А теперь что — теперь убийца уже известен.
Мне хотелось, как ненаевшейся, припомнить еще что-нибудь из детства — горячее, пахучее, как оладушек, — и не нашлось чего. Значит, так оно и есть: становлюсь понемногу бабкой Феней. Пропустила жизнь, как нерадивый ученик уроки.
Я судорожно хватила воздуха и заспешила наверстывать жизнь — ничего, ничего, вот сейчас вымою пол, наряжусь и пойду по городу. И начну все заново, и догоню то, что прозевала. И встречу какого-нибудь, например, замечательного мужчину, полюблю его насмерть (думаю так, а самой смешно: после Мишки — мужчина? — все они славиковы, огородная мелочь, десятками выпалывать...) — и все-таки: полюблю насмерть — и как будто написали для меня новый детектив, испекли новый пирог, еще неразрезанный — и начинка мне еще неизвестна.
Я помыла пол, я прошлась лезгинкой по комнате, я оделась и вышла из дома. Вот и могу пойти, куда захочу. И никто не спросит отчета. И могу вернуться хоть к утру.
Ну, вышла... А куда, собственно, пойти?
Плохо зимой в городе. Со злобным звуком оскальзывают сапоги на буграх сдавленного снега.
В кино? В кино.
Билетов не было.
Я дошла до концертного зала. Там толпились интеллигенты у входа, спрашивали лишние билеты. Я тоже постояла минут пять, ничего ни у кого не спрашивая. Нет, я не надеялась на лишний билетик, так просто стояла, потому что трудно было уйти сразу.
Из первого попавшегося автомата позвонила Шуре: мол, не прийти ли тебе сейчас ко мне в гости, я квартиру вымыла (бодрым таким завлекающим голосом) и торт сейчас куплю.
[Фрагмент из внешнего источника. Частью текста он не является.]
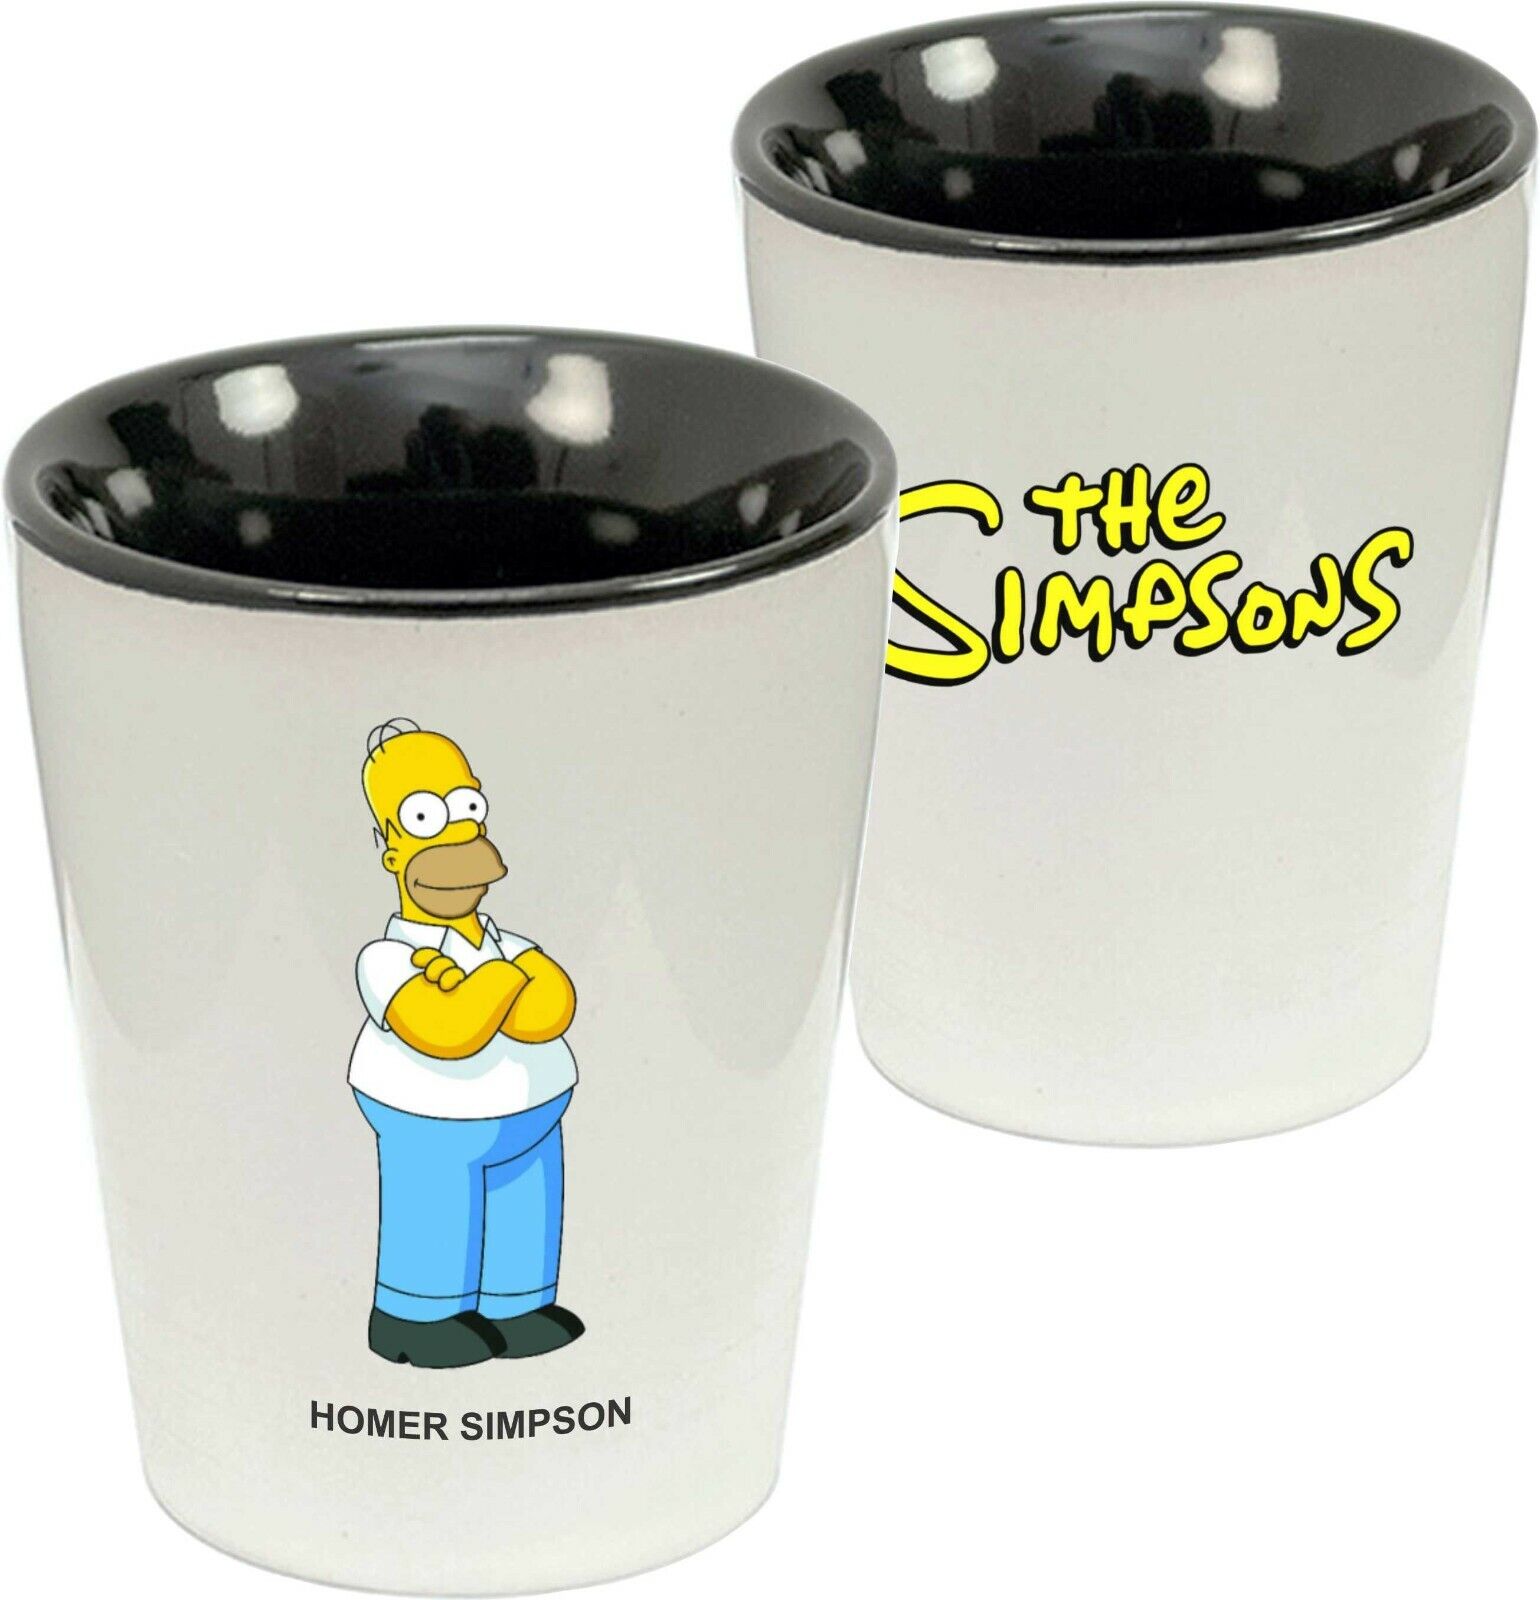 The Simpson's Character Shot Glass Collection

Шура огорчилась: не получится сейчас прийти, потому что у них с мамой сейчас тоже как раз гости, хотя Билл с удовольствием бы прогулялся, он еще не выгуляный сегодня вечером, и «не собираешься ли ты, случайно, сегодня побегать?»
— Не знаю еще, — сказала я, — может быть.
Хотела было плюнуть на приличия и жалко попроситься к Шуре домой, к ее маме и к ее гостям, каким-нибудь добрым старушкам, но остановилась: нарушу старушкам все чаепитие.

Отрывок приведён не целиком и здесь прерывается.